The interior of the traditional Irish cottage was never very appealing. It would be full of smoke, rather dark, distinctly dank thanks to the thatch and none too comfortable. Space was limited and made still more so by having to be shared with the household's livestock. No wonder the majority of their owners abandoned these buildings as fast as possible and put up smart new bungalows filled with big windows and lots of lovely central heating. Outside, instead of a muddy yard, it was now possible to have an expanse of lawn, preferably edged either with a line of evergreen trees or a balustraded wall.

The role model for these bungalows has never been rural. Their natural environment is the suburb, their context a line of similar houses built in serried rows. Dropped into the countryside, they look out of place and lead precisely to the problem identified by John Spain: the "scattering of urban housing over wide areas almost at random". Insufficient care over preliminary planning results in rural development that has a distinctly un-rural appearance.

It is always tempting to condemn novelty solely on the basis of lack of precedent, and this often occurs with respect to new housing in the countryside. A field previously untouched by development suddenly becomes filled with buildings and a familiar prospect is lost. But all housing has to start this way. When William Conolly decided to build himself a new country residence in the 1720s, he chose a virgin site in Co Kildare and, as if this was not enough of an affront to local sensibilities, employed a foreign architect to design the place. The result was Castletown House, which became the archetype of Irish Palladian architecture and is now regarded as one of the finest buildings in the country. Merrion Square in central Dublin was once unspoilt countryside, and so too was Christchurch Cathedral, Áras an Uachtaráin and every other site today occupied by one of our cherished architectural monuments. In order to build anew, some of the landscape has to be sacrificed.

The debate, therefore, needs to be not about whether development should take place, but about the design and character of that development.

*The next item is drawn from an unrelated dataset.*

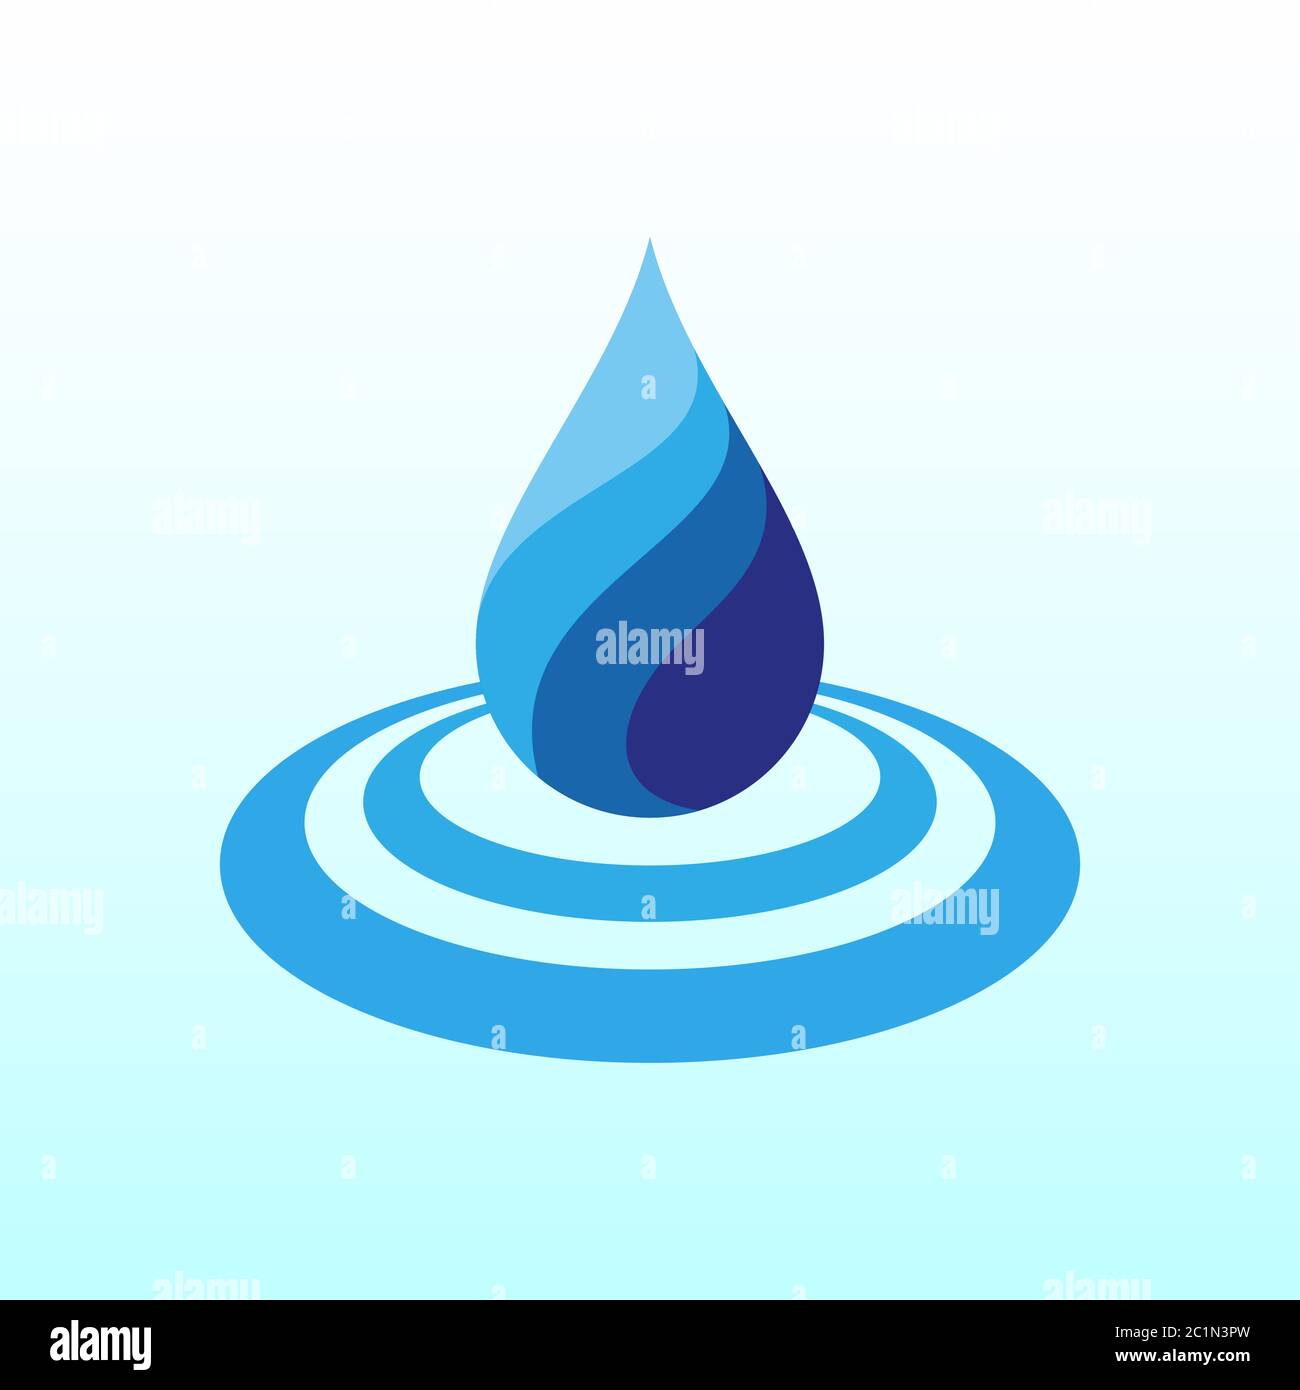 Illustration vectorielle d'une icône de goutte d'eau rafraîchissante avec onde ondulée. Convient aux campagnes sur l'eau propre, aux sources de vie naturelles et saines. Illustration de Vecteur

This debate has still not started even while more and more of our countryside is subjected to ill-advised -- and poorly-designed - new housing. The old forms of vernacular architecture are gone for good; we cannot realistically expect anyone to live under the same conditions as did our forbears. But no new forms for rural housing have been proposed, even by members of the architectural profession who might be thought to have an interest in the subject. Until the importance of good design is recognised, suburban bungalows will continue to be constructed across the landscape.